Au Sénégal, les demandes de visas de certaines basketteuses qui devaient se rendre aux États-Unis pour un stage avant l’Afrobasket féminin ont été refusées. Une première, selon l’analyste politique sénégalais Papa Fara Diallo, enseignant-chercheur à l’université Gaston Berger. Pour lui, la nouvelle politique d’immigration de Washington est extrêmement sévère envers les Africains et marquée par une incohérence inédite.

« Make America Great Again, certes. America First, certes. Mais d’un point de vue géopolitique, je ne vois pas les retombées positives que les États-Unis peuvent tirer en corsant les procédures d’obtention de visa, surtout pour des pays comme le Sénégal, réputé démocratique. Quasiment trois ou quatre présidents américains sont déjà venus au Sénégal. Cela montre que le Sénégal est un îlot de stabilité avec des institutions démocratiques résilientes. On ne comprend donc pas pourquoi les États-Unis ne pourraient pas, d’un point de vue géopolitique, utiliser le Sénégal pour observer toute la sous-région ouest-africaine et le Sahel », insiste Papa Fara Diallo, enseignant-chercheur à l’université Gaston Berger.

Si Dakar n’a pas pris de mesures similaires vis-à-vis des ressortissants américains, le gouvernement, par la voix de son Premier ministre, a fustigé le comportement de l’administration Trump.

Au Tchad, en revanche, les autorités avaient pris des mesures réciproques en réponse au nouveau « travel ban » imposé par Donald Trump, qui interdit l’entrée aux États-Unis aux ressortissants tchadiens. N’Djamena avait annoncé la suspension des visas pour les citoyens américains.

« Sur le plan des études, de la formation ponctuelle et des séminaires professionnels, je pense que cela a un impact négatif. Je suis l’une des victimes parce que je devais aller aux États-Unis pour une formation d’une semaine, et cela n’a pas eu lieu. Ces mesures restrictives ont un impact négatif sur les défenseurs des droits de l’homme que nous sommes, sur les étudiants et sur d’autres citoyens », regrette Nodjigoto Charbonnel, préside l’Association pour la Paix et la Non-Violence au Tchad.

Droits et libertés fondamentales

Les restrictions imposées par l’administration américaine sont également perçues comme un tour de vis contre la liberté d’expression, estiment de nombreux défenseurs des droits – ar exemple, les États-Unis exigent des candidats nigérians qu’ils détaillent leurs activités sur les réseaux sociaux au cours des cinq dernières années. En réaction, Abuja a exigé les mêmes mesures pour les Américains souhaitant se rendre au Nigeria.

De nombreux analystes africains estiment que cette politique américaine appelle à une diplomatie solidaire sur le continent. C’est ce qu’estime le consultant et expert en relations internationales Dani Ayida.
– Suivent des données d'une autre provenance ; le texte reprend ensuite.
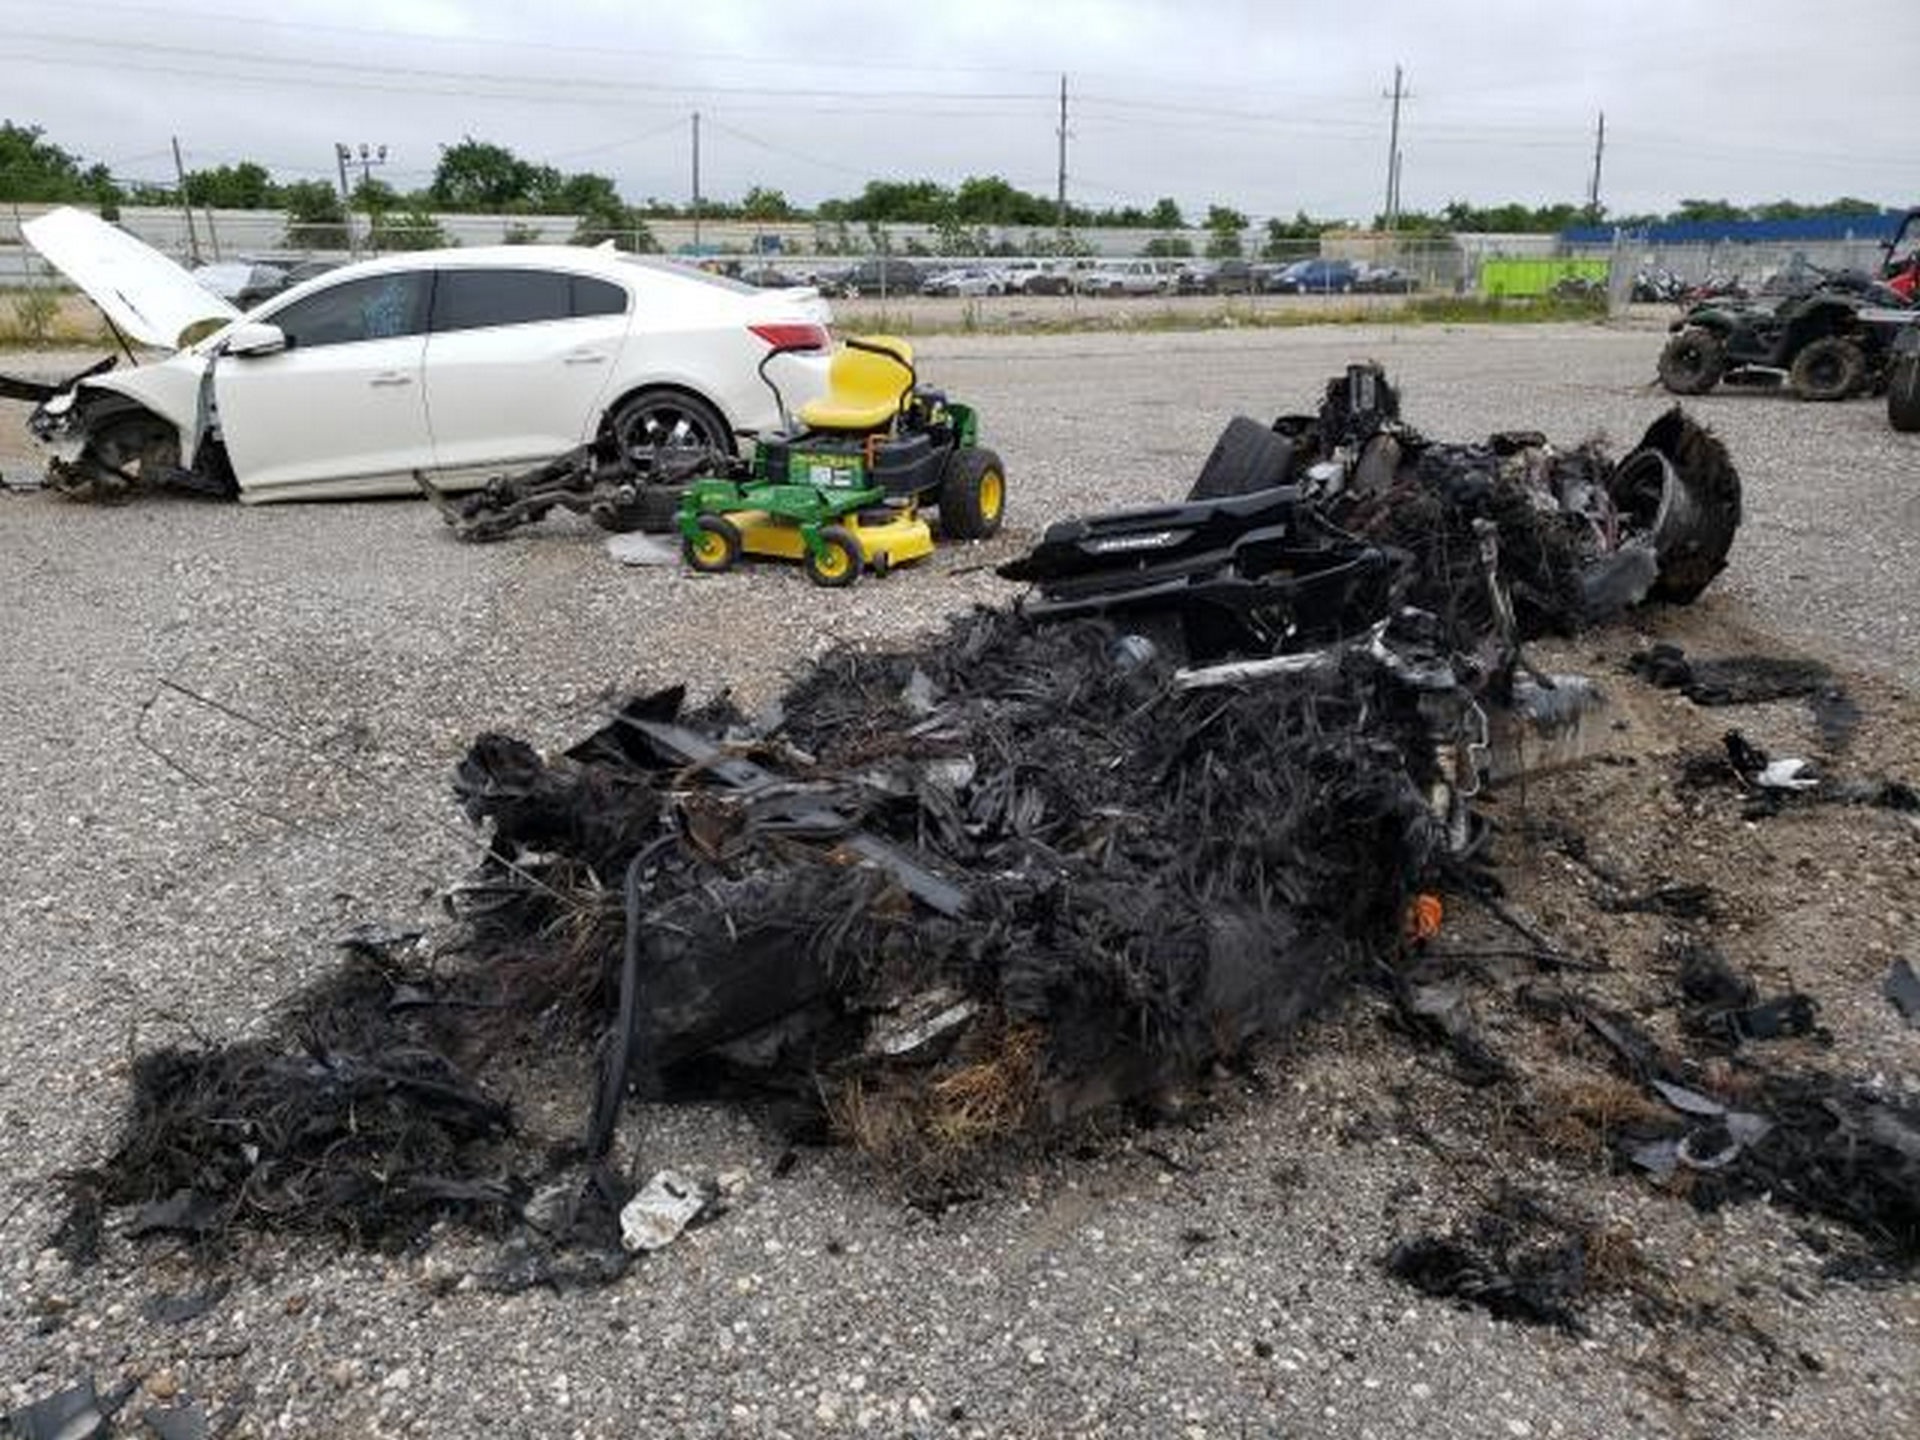 Siêu xe McLaren bị cháy thành tro vẫn được rao bán - 9
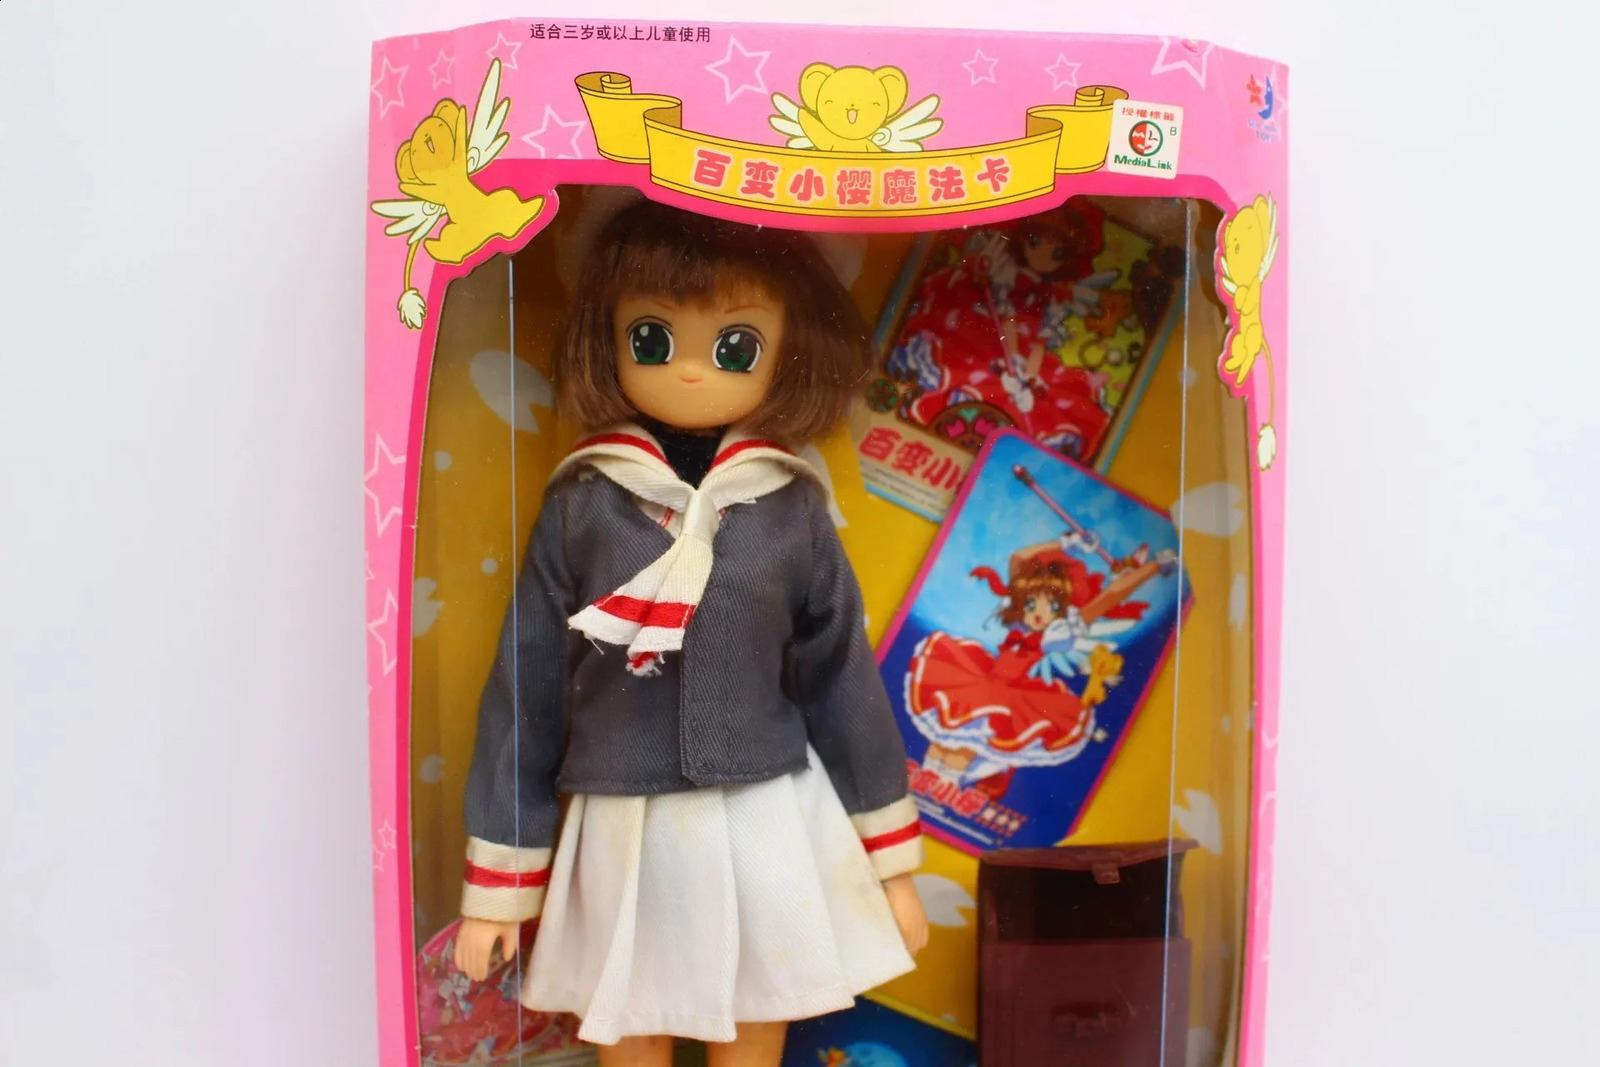 Anime Cardcaptor Sakura Doll Bjd Figure Changing Kawaii Girl Action Figurine Christmas Toys Gifts For Girls 240123

Il ajoute que les pays d’Afrique doivent agir de manière solidaire, dans le cadre de l’Union africaine ou par l’entremise des organisations régionales, afin de peser politiquement et économiquement.

« Je crois qu’il serait important que des pays africains se regroupent, s’entendent et appliquent des réponses adaptées au niveau de l’Union africaine, et au niveau des ensembles régionaux comme la Cédéao. Cela doit se faire de manière solidaire et réaliste. Ainsi, je pense que Donald Trump, qui aime faire des deals, commencera à réfléchir et ne pas agir de façon aussi décalée, en espérant que tout le monde se pliera à lui et viendra le supplier », dit M. Ayida.

Ce dernier qu’un désordre s’installe si les pays africains visés par Washington appliquent unilatéralement les mesures de réciprocité. Les investissements directs américains en Afrique sont évalués à plus de 40 milliards de dollars et pourraient être freinés par la détérioration du climat diplomatique.